Segment Start: Data below
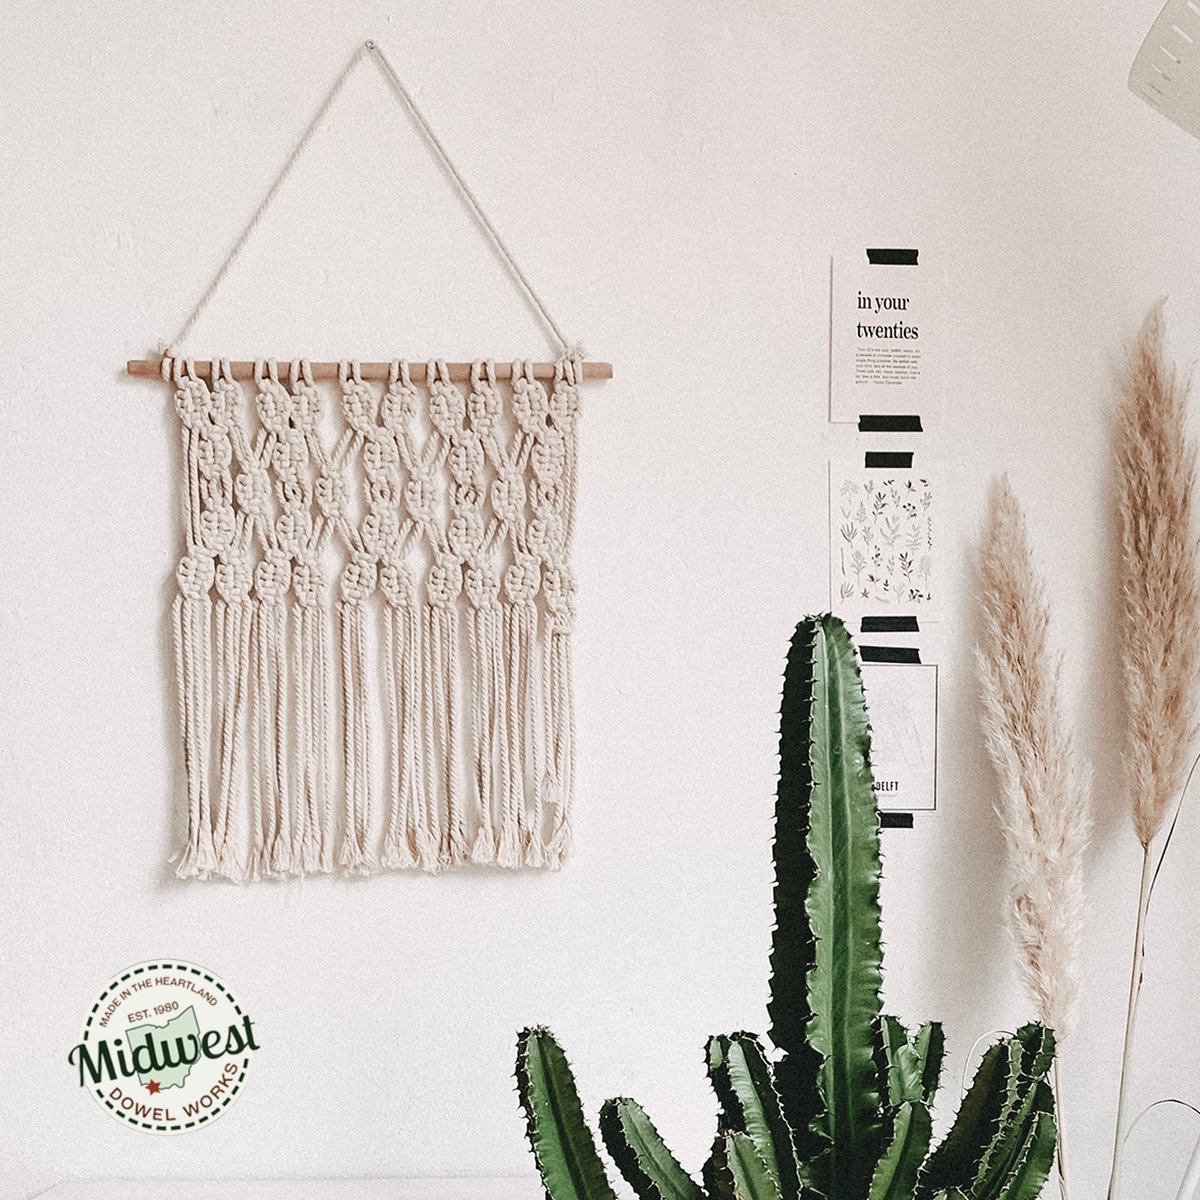 Create wonderful pieces of décor for your home with simple supplies like this yarn wall piece!

Shop today and see what you can make.👇
shop.midwestdowel.com/shop/dowels-1?…

#DIY #HomeDecor #DIYInspo #Woodworking #Dowels #Crafting #Cincinnati #Midwest #Ohio #Craftsman #MidwestDowel
Segment End: Data below
Transcribe all the data word for word; the images stay out.

 Create wonderful pieces of décor for your home with simple supplies like this yarn wall piece!

Shop today and see what you can make.👇
shop.midwestdowel.com/shop/dowels-1?…

#DIY #HomeDecor #DIYInspo #Woodworking #Dowels #Crafting #Cincinnati #Midwest #Ohio #Craftsman #MidwestDowel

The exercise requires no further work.